__PROBLEM REQUIREMENTS__: From the line containing "Quadro London View" to the last line of the data below, copy everything exactly and nothing else; pictures stay out.

__RAW DATA__:

================

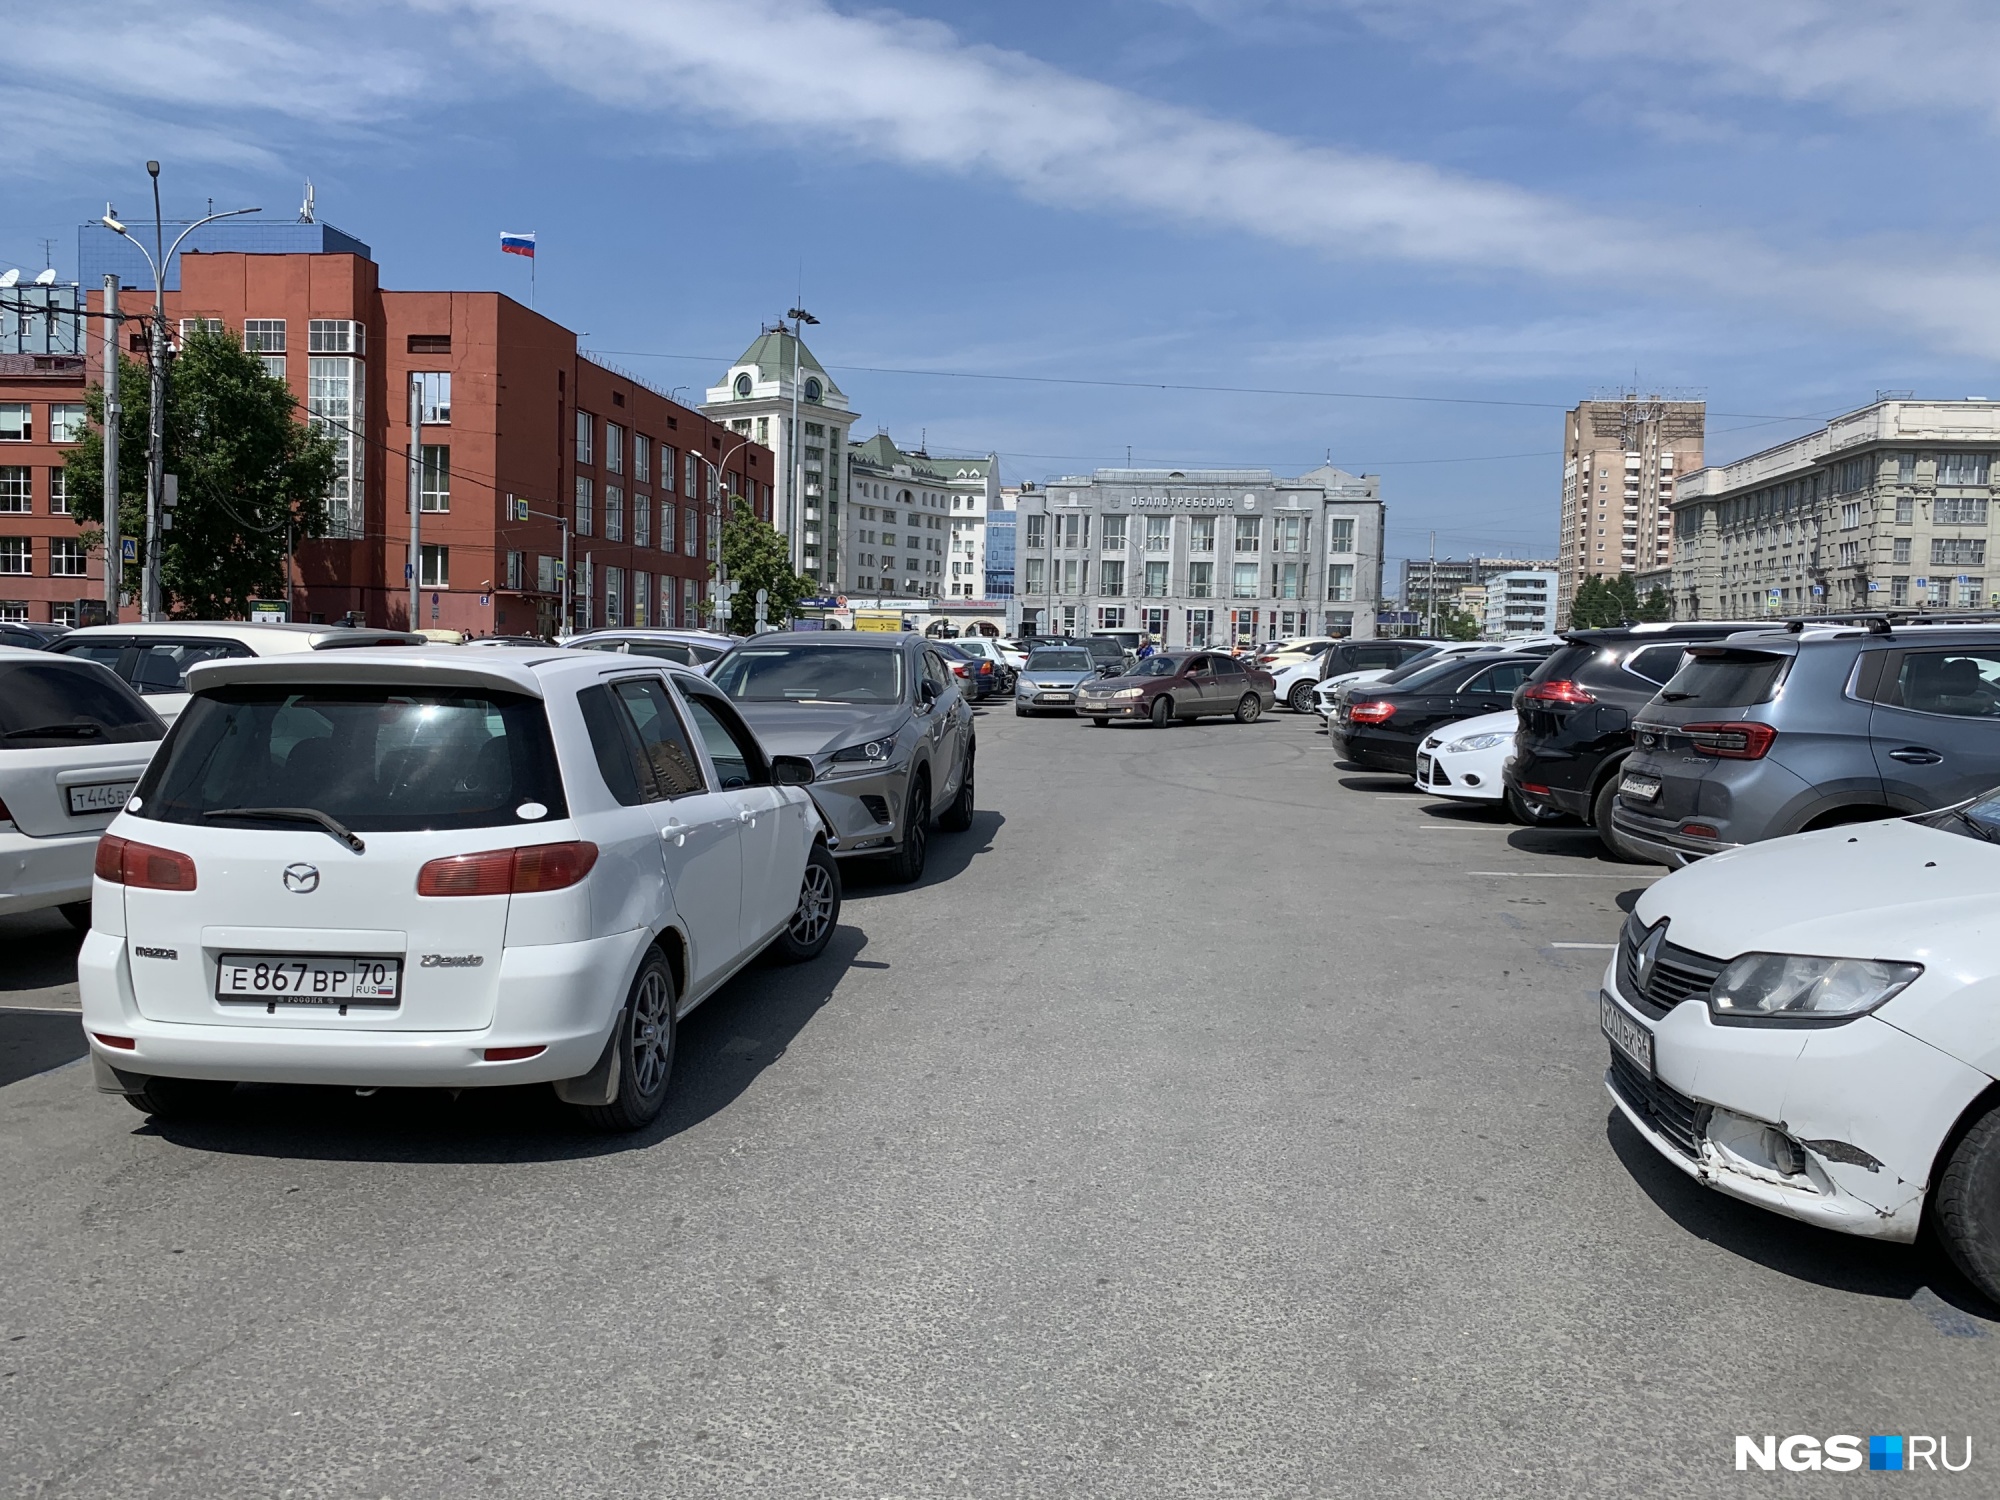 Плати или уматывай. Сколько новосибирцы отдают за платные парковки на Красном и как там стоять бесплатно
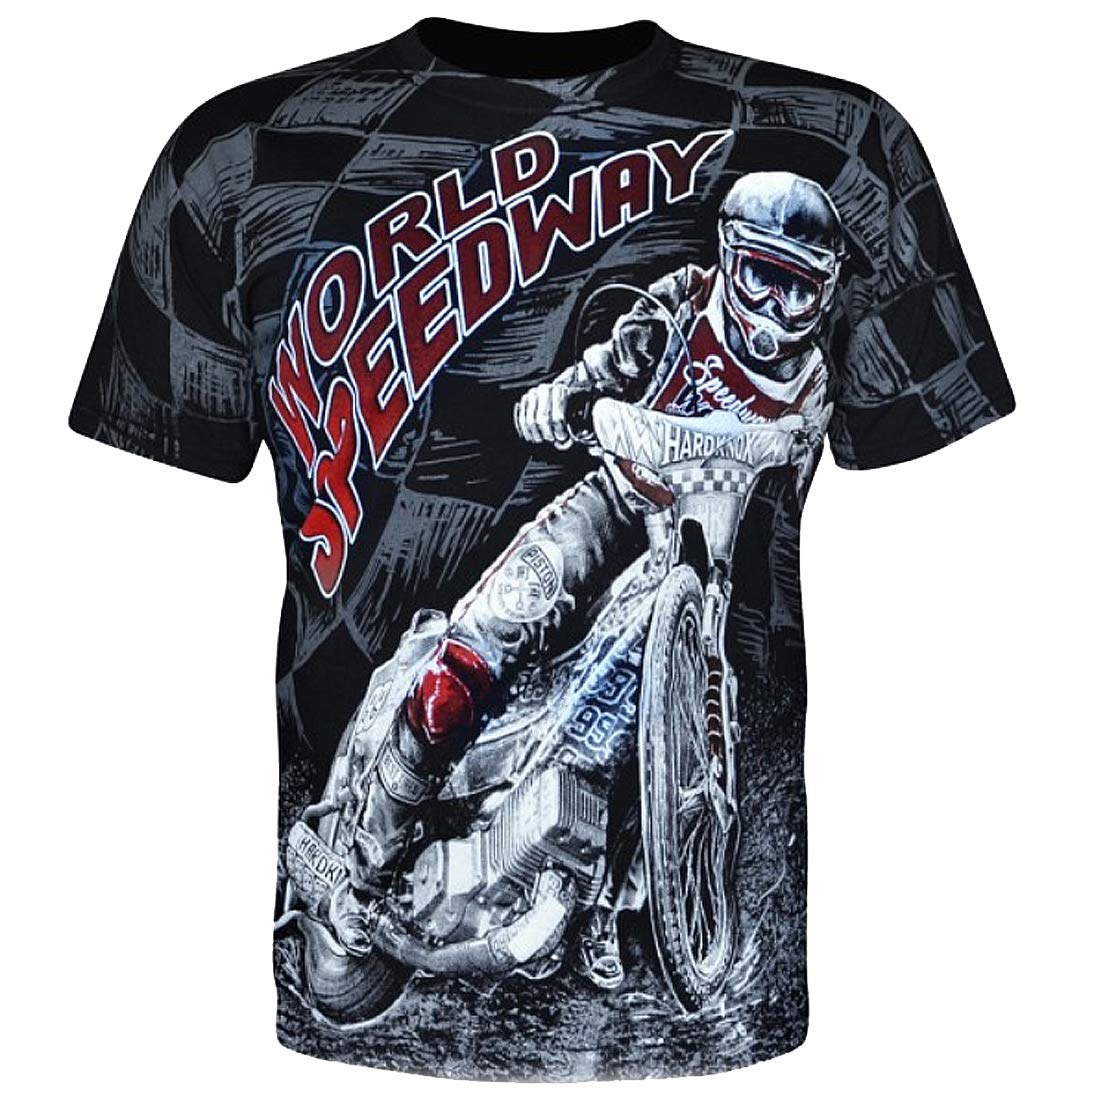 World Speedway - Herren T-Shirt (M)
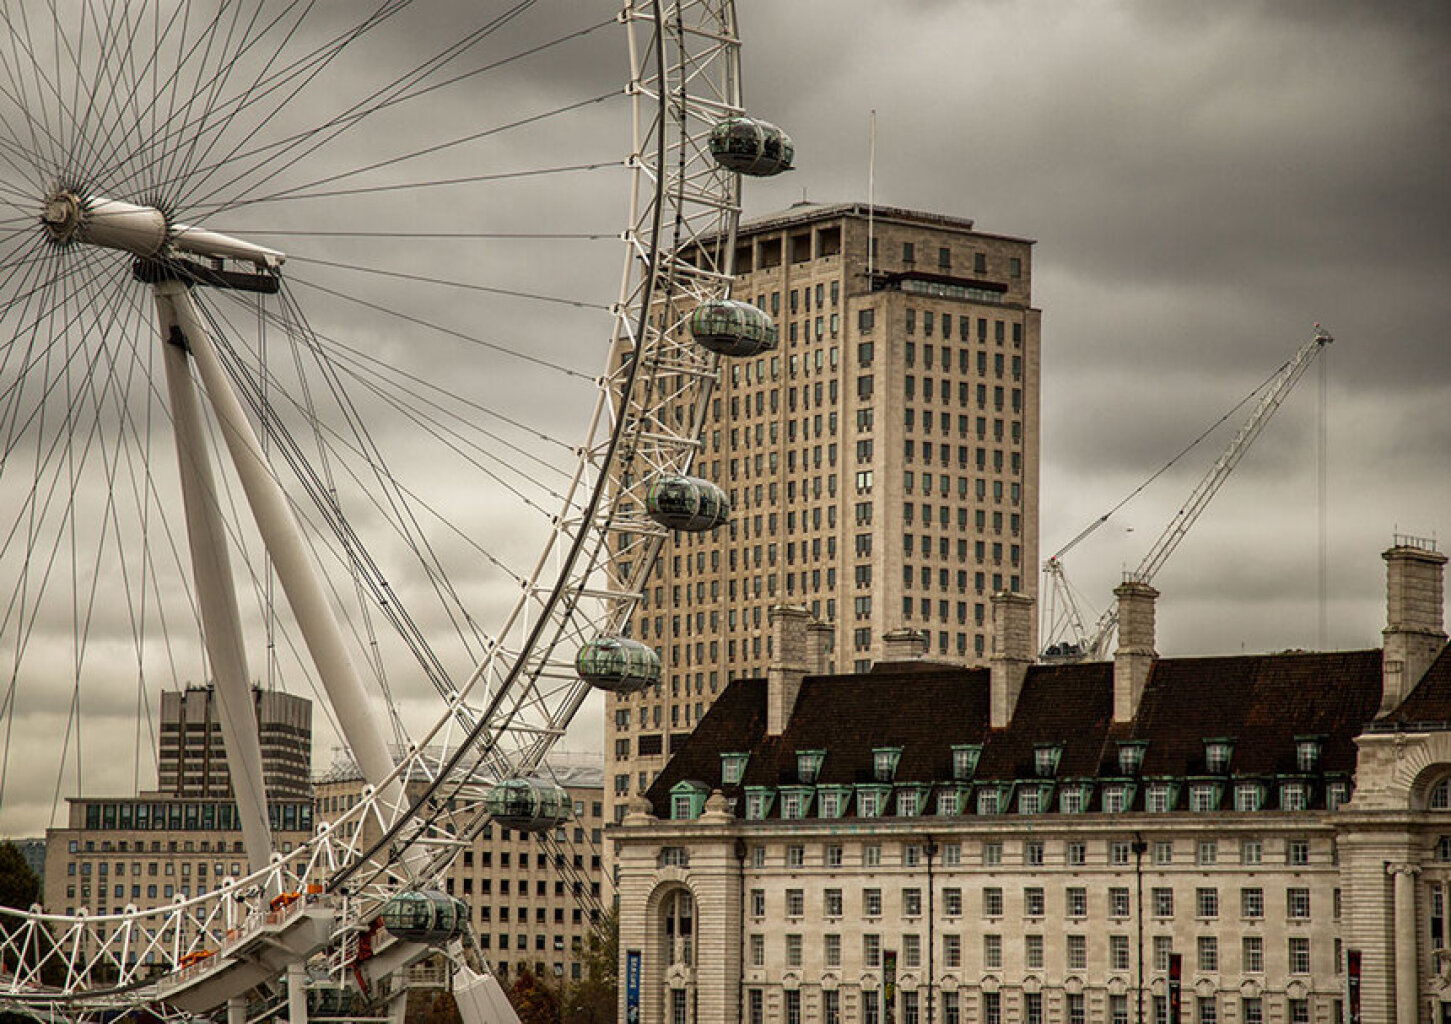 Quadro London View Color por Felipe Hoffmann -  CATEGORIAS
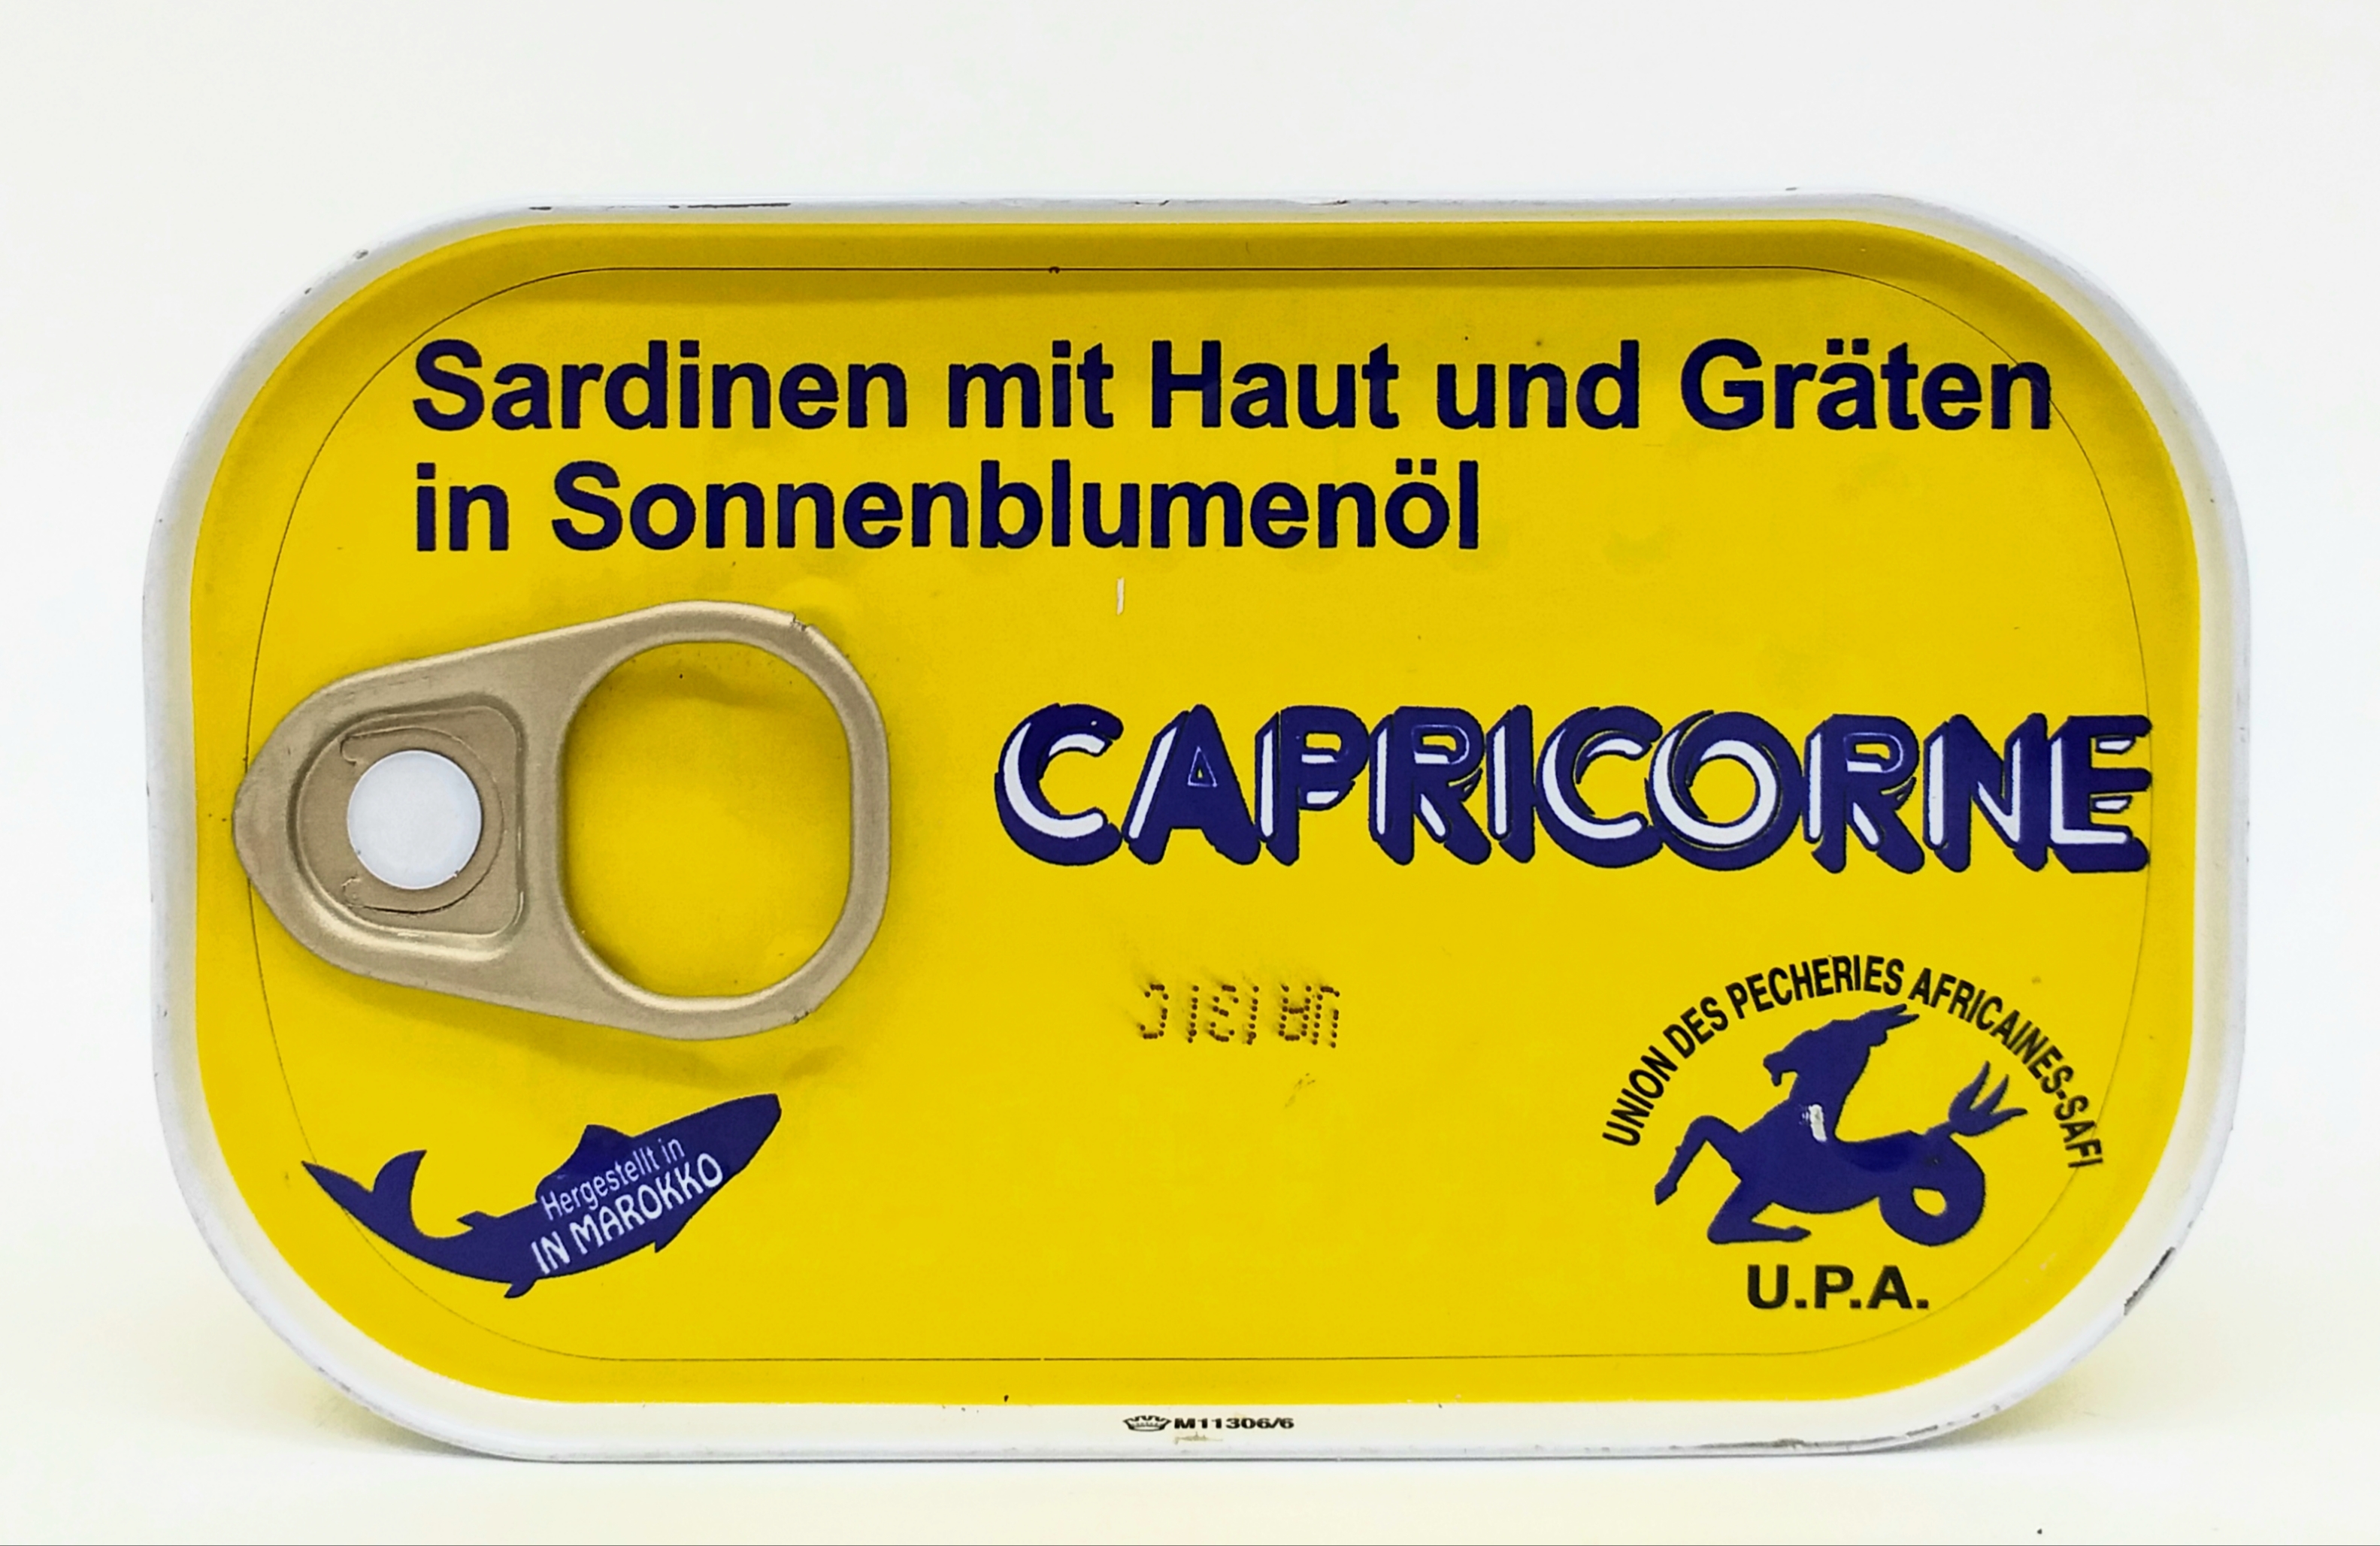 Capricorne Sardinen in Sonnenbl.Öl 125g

================

__SOLUTION__:
 Quadro London View Color por Felipe Hoffmann -  CATEGORIAS
 Capricorne Sardinen in Sonnenbl.Öl 125g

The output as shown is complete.